# Canadian Supply of Scale Lumber



## JamesBC (Jan 15, 2014)

Does anyone know of a online hobby supplier in Canada that carries Midwest Micro-Cut lumber?

Of course does not have to be Midwest, just scale lumber would be fine. 

thanks

Jim


----------



## DonR (Oct 18, 2012)

Micro mark in US has both balsa and bass wood strips that approximate
scale 2 X 6 etc. 

Don


----------



## JamesBC (Jan 15, 2014)

DonR said:


> Micro mark in US has both balsa and bass wood strips that approximate
> scale 2 X 6 etc.
> 
> Don


Well both Midwest and Mt. Albert make scale lumber. Mt Albert is even in Canada but can not find a Canadian shop online that carry either. I prefer the Scale size rather than approximate, I was hoping to find a supply online in Canada rather than order from a shop in the US and pay all the shipping fees.
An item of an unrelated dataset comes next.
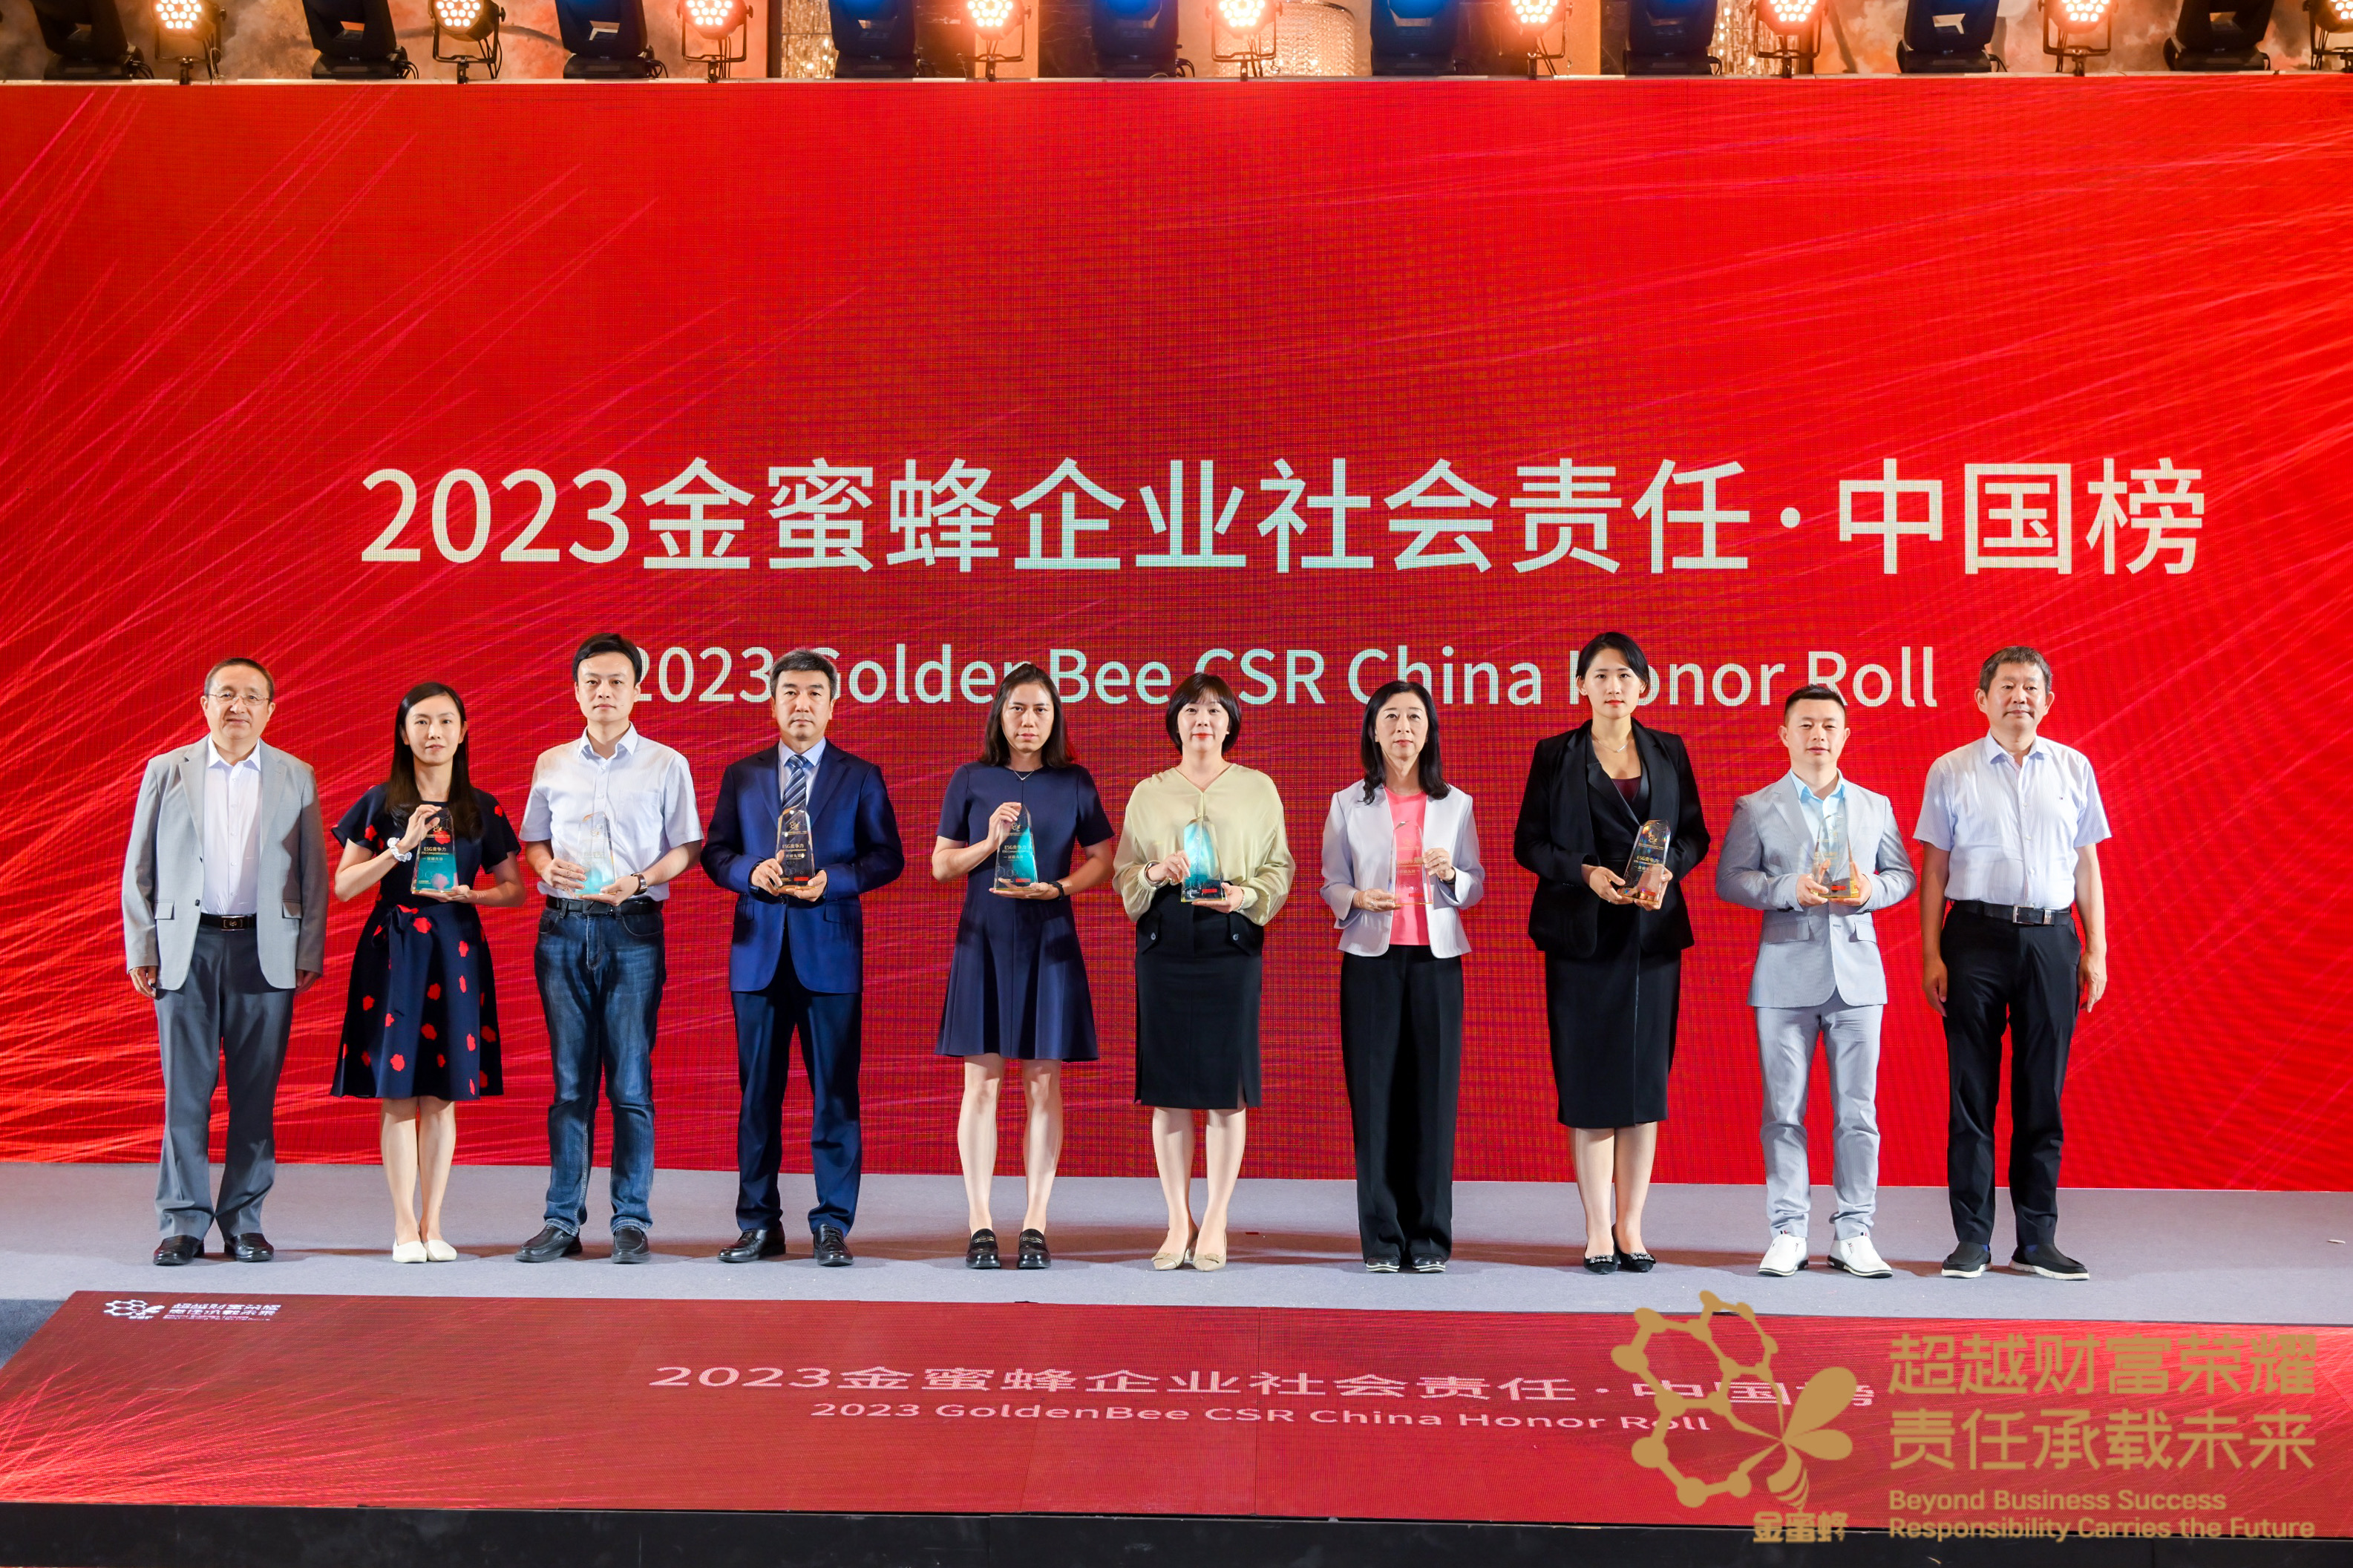 尊龙凯时尊龙凯时公司上榜“2023金蜜蜂企业社会责任·中国榜” 并荣获“ESG竞争力·双碳先锋”称号

http://midwestproducts.com/collections/basswood

Looking for the above, I would like to buy it in Canada and avoid shipping, ect ect.


----------



## JamesBC (Jan 15, 2014)

Well I finally found a Canadian Source for two different scale lumber suppliers. Credit Valley Railway in Ontario carries both Mt Albert and Northeastern Scale Lumber.

Their online ordering is rather, slow and cumbersome but the people are great.

http://www.cvrco.com/whopage.htm

Jim


----------